> _TRY IT_
Reproduce word for word, from the entries below, the line with "RK, 29 let, Brugada syndrom.", the line with "EKG s vysoko", and every line between them, and nothing more.

> _INFORMATION SHOWN_

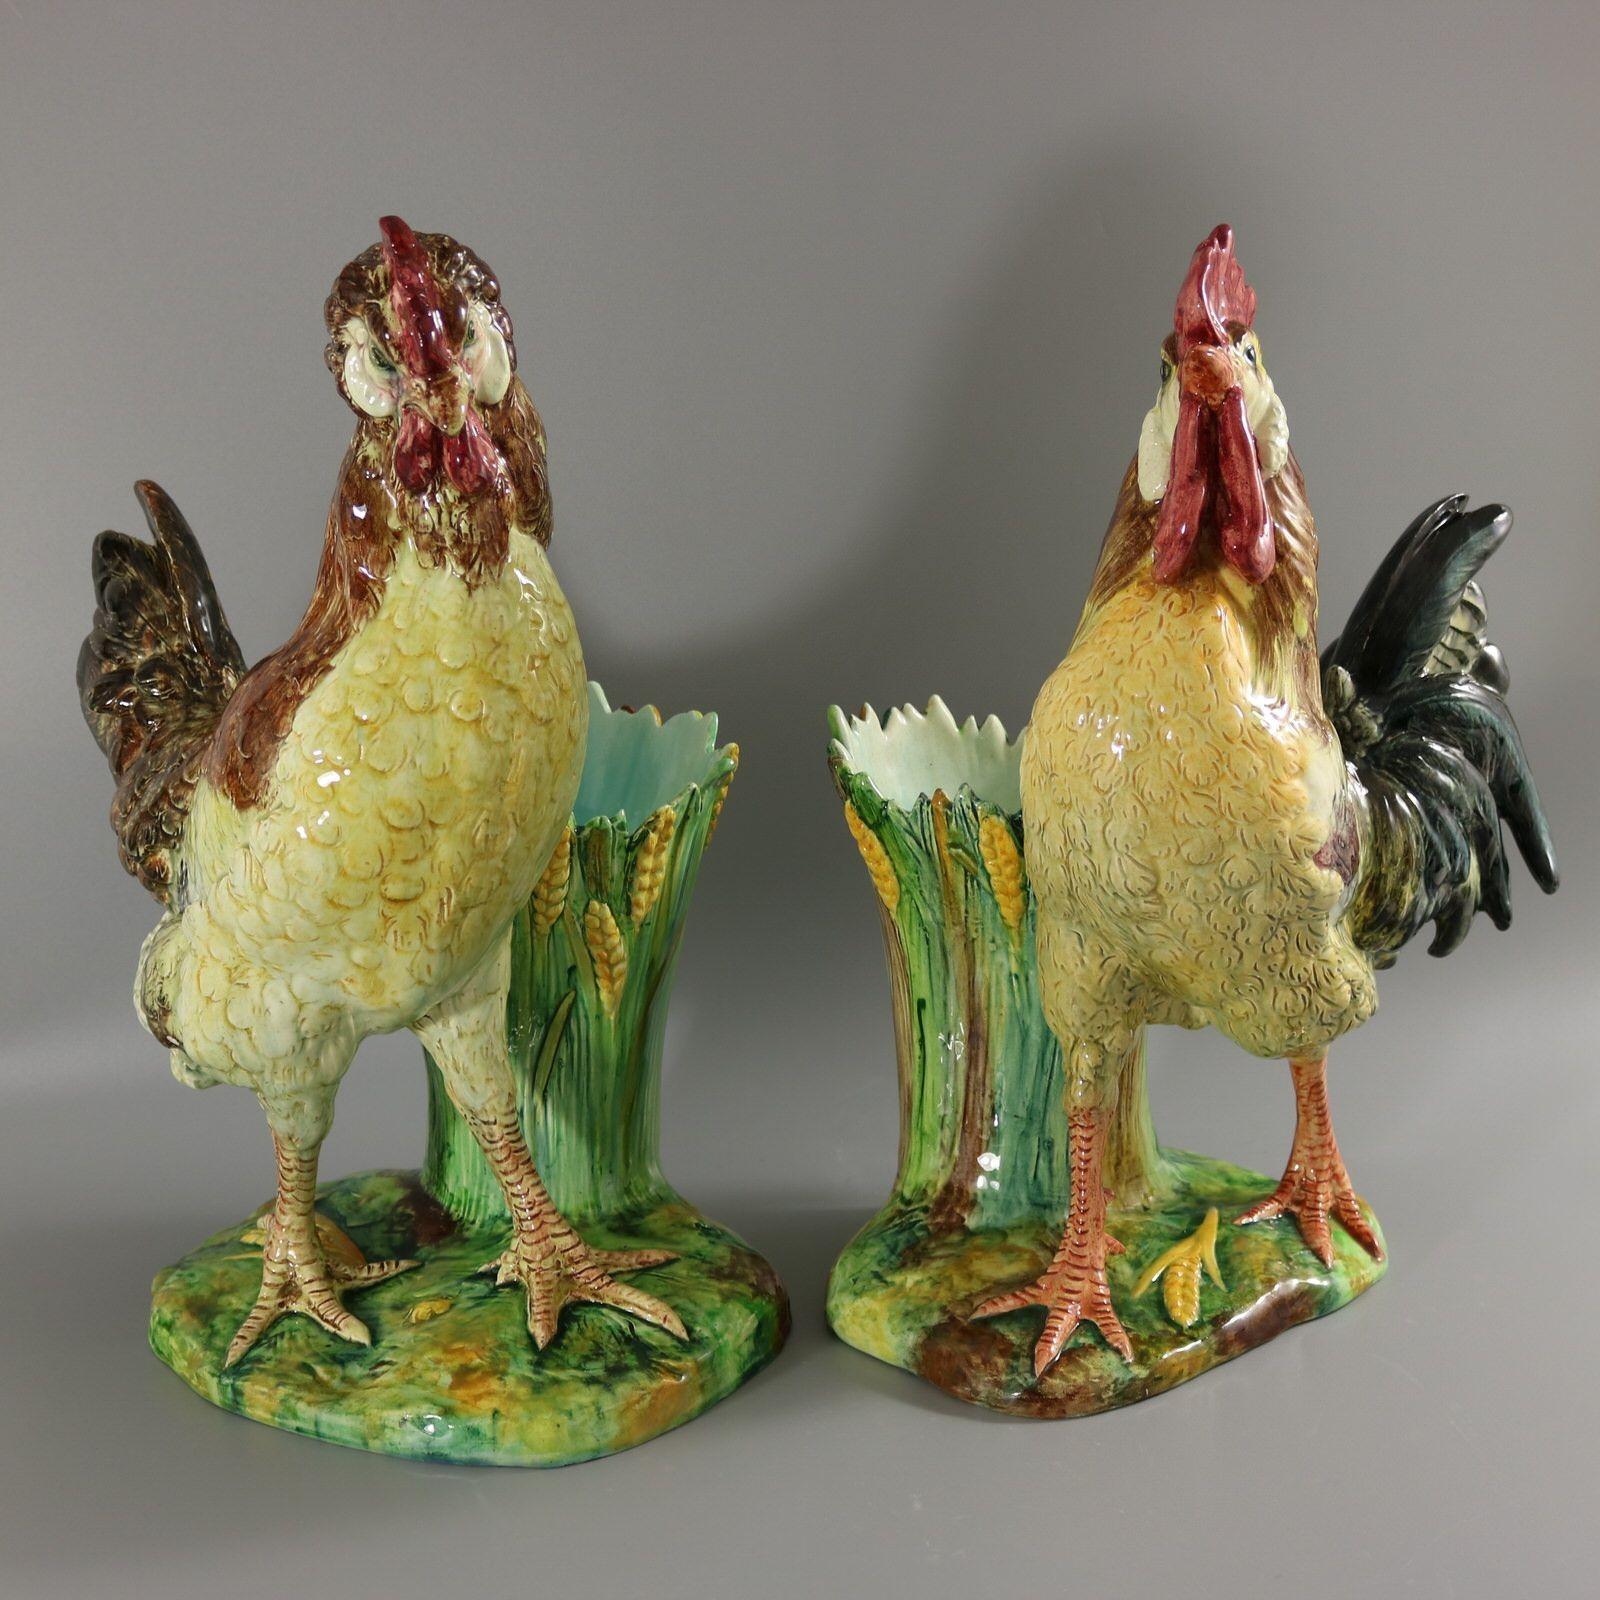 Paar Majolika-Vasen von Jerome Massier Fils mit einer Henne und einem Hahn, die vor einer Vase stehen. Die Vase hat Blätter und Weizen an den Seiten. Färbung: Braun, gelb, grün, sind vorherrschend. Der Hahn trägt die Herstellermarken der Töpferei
==
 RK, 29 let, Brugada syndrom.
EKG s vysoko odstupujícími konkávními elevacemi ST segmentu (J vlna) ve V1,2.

> _RESPONSE TO THIS EXERCISE_
 RK, 29 let, Brugada syndrom.
EKG s vysoko odstupujícími konkávními elevacemi ST segmentu (J vlna) ve V1,2.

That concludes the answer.